Колдунья вздрагивает. Ее глаза удивленно раскрываются, искажая пригожие черты удивленьем. А потом воин слышит:
- Я бессмертна, Роговлад. А вот ты - нет.
И мир меркнет.
***
Вьюгу принесли девы в платьях белых. С руками тонкими, что швыряли горсти снега в гостей непрошенных, да упирались чернеющими глазницами в раскосые глаза воинов степных. Говорить пытались:
- Почто пришли на Землю Лесную?
Те степняки, что отвечали им, исчезали в пелене снежного вихря первыми. А на том месте, где только что стоял воин, загорались алым светом голодные глаза. Волчьи.
Вот и его, Хана, спросили?
- Почто пришел?
Девка эта спускалась с дерева ближнего. Шла легкой поступью, облаченная в одежды легкие. И ни снег, ни ветер были ей не помеха. Тонка, стройна. Волосы длинные, тяжелыми волнами спадающие до самых пят, лишь слегка покачиваются порывом озимка. Кто?
- Омела-а-а-а, - поет она. - Не ведал?
Хан машет головой. А дева хороша. И даже у Айнур, жены его любимой, младшей, нет такого сладкого голоса. И волос таких нет. А вот пахнет от девы все также: медуницей.

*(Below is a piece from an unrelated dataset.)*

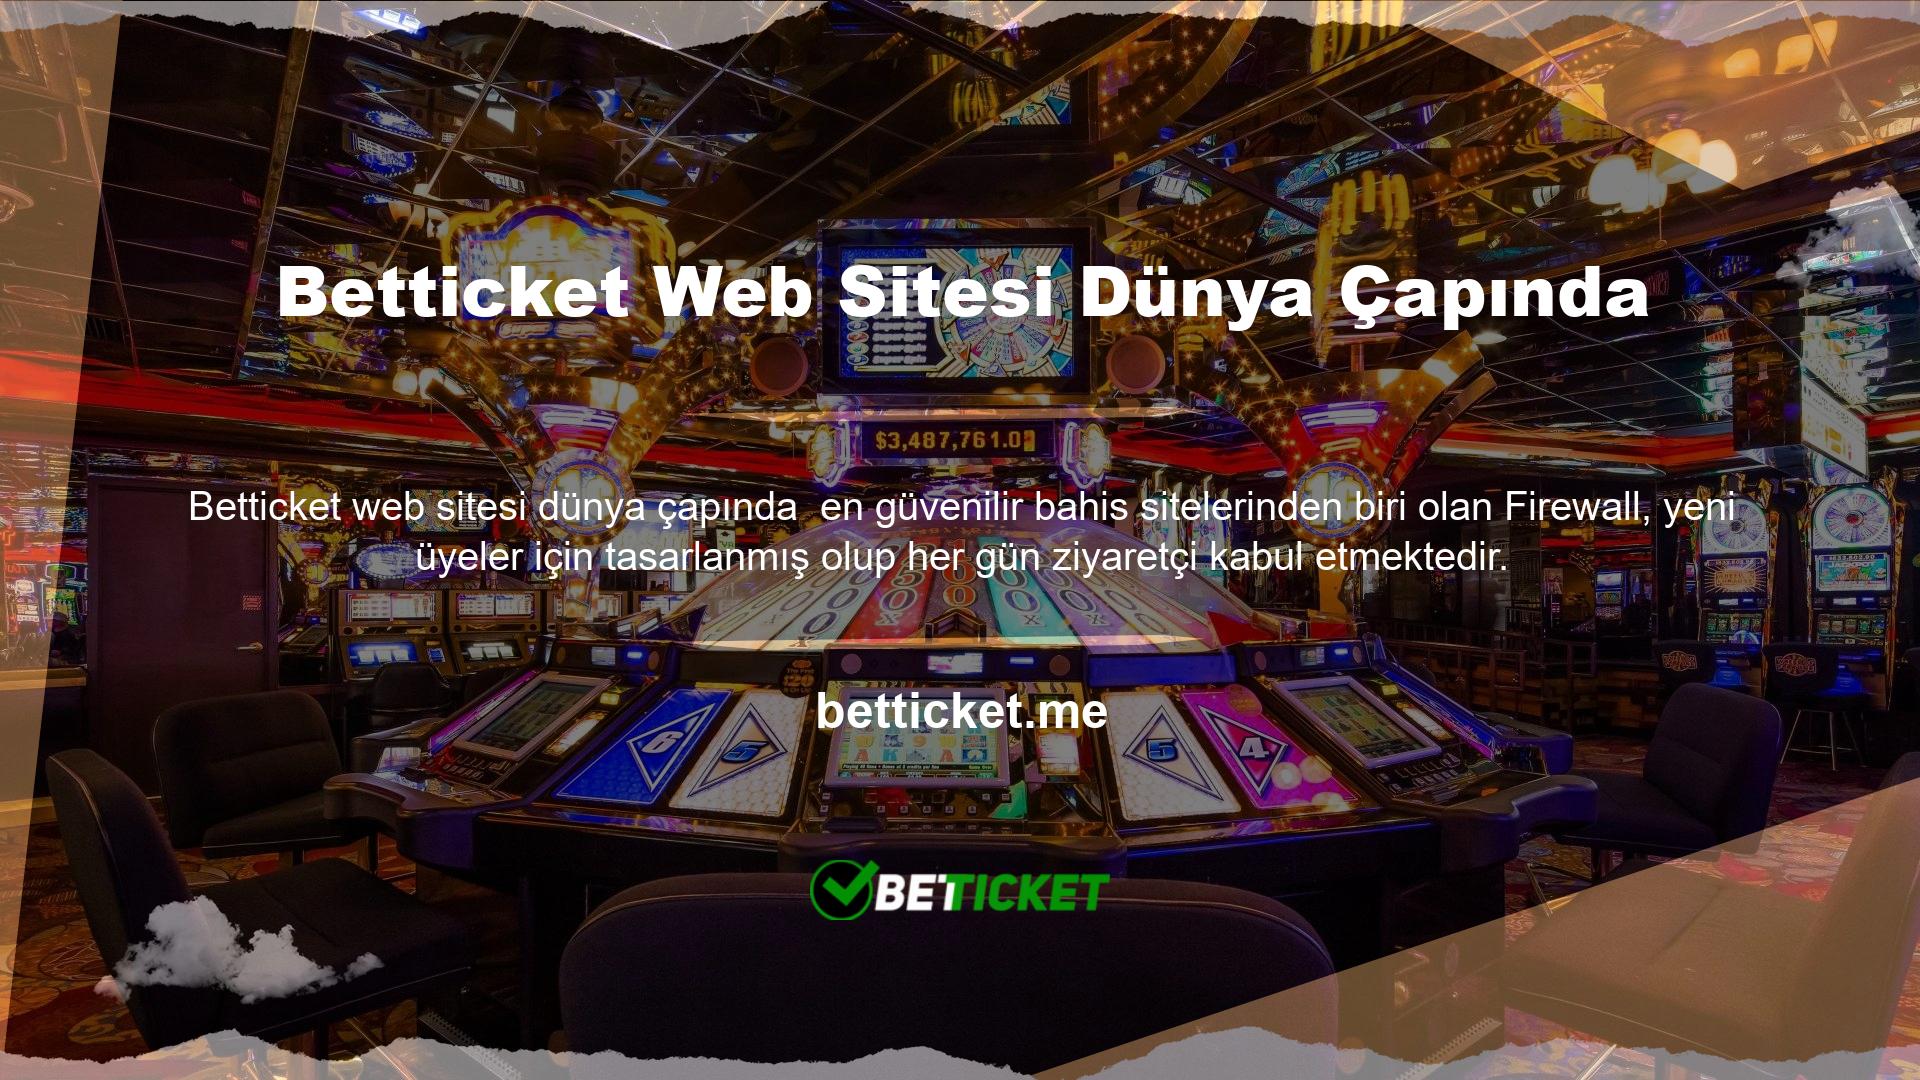 Betticket web sitesi dünya çapında kullanılan ayrıcalıklı bir platformdur ve geniş bir uluslararası kitleye hitap etmektedir

Сладкой, приевшейся еще с покоев самого Элбарса.
Не верить...
Подле него падает еще один воин. И его, кажется, утаскивает в снежную пелену нечто темное, подобное змее. А дева, что тянет к Аслану-Льву руки, улыбается:
- Гадюшница. Тоже вот сестри-и-и-ца... Огневики еще поспеть должны...
Она глядит на Хана нежно, томно. И он вспоминает рассказ купца полнолицего, с которого степной брат гоготал у костра. О такой же вот деве сладкоголосой, с речами дивными. Не устоял...
- Знаешь обо мне? О нас?
- Знаю, - кивает Хан. И режет тонкое платье изогнутой саблей.
Красная дева удивляется всего на миг. Останавливается. А затем шипит подобно тем, черным. И руки вытягивает в сторону Степного Льва. Увернулся? Так это только от нее. А вот от зверья лесного не удастся. И подле Хана раздается вой волка.
Обернуться на рык. Замахнуться саблей тонкой. Рубануть!
Хан снова нашел свою жертву, да только замест одного воя появились два. За ними - три. И спустя всего минуту их было не сосчитать.